The more persuasive a chart looks, the more provenance it needs. Keep the source query, date pulled, transformation notes, exclusions, sample size, missing-data handling, and uncertainty method close to the visualization. If the chart summarizes a model, say which model and what the model saw. If the chart uses manual annotation, say who annotated and what rule they followed.

For wiki use, this metadata should be reusable by the knowledge graph: chart claim, source dataset, metric definition, grain, time window, dimensions, and caveats. A visualization should become an inspectable evidence object rather than a loose screenshot.

Accessibility And Mobile Reading

Permalink to Accessibility And Mobile Reading

A chart that only works on a wide monitor is unfinished for the web. Use readable labels, avoid tiny legends, preserve table access for exact values, and make the takeaway understandable without hover. For mobile compendium pages, prefer chart descriptions, compact tables, and image widths that do not force horizontal scrolling unless the data itself requires it.

For human-machine interaction, the reader should be able to ask: what am I looking at, what changed, what can I inspect, and what source supports this view?

A dashboard is for repeated monitoring; a report is for an argument. Mixing those modes creates weak displays. A dashboard should emphasize freshness, filters, alert thresholds, and stable definitions. A report should emphasize the claim, source, method, caveat, and conclusion. Both can use the same data, but they need different typography, density, annotation, and navigation.

For compendium pages, this distinction matters because charts may appear inside explanatory articles, graph explorers, field reports, and operational tools. A dense operations dashboard can be correct but unreadable in prose. A beautiful report chart can be persuasive but useless for live monitoring. Record the intended use so the visualization can be judged by the right standard.

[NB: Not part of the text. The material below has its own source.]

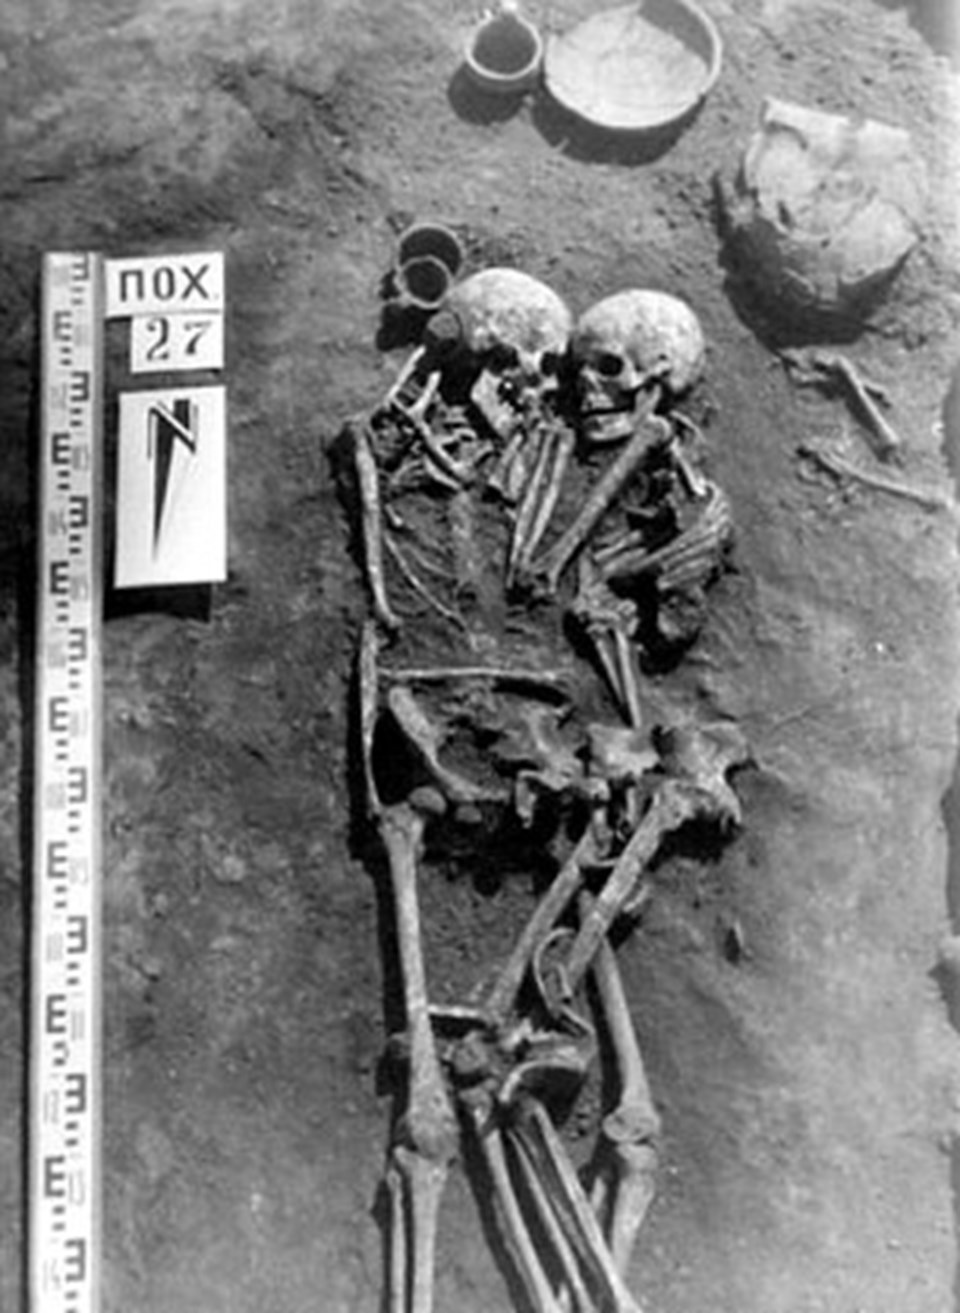 3 bin yıllık mezarın sırrı çözüldü: Ölümsüz aşk - 1

Interactive State And Reproducible Views

Permalink to Interactive State And Reproducible Views

Interactive charts add another recordkeeping problem: the view depends on state. Filters, hover selections, zoom level, color mappings, sort order, hidden series, and date ranges can change the interpretation without changing the underlying chart code. A saved screenshot is not enough if the reader cannot recover the state that produced it.

Reusable interactive visualizations should preserve a default view, stable query parameters, filter definitions, and a path back to the source table. If the chart supports brushing, linked views, map layers, or graph exploration, the article should name what state is shareable and what state is only local interaction. This matters for the compendium network because a reader may arrive through a URL that selects one node, article, or graph neighborhood.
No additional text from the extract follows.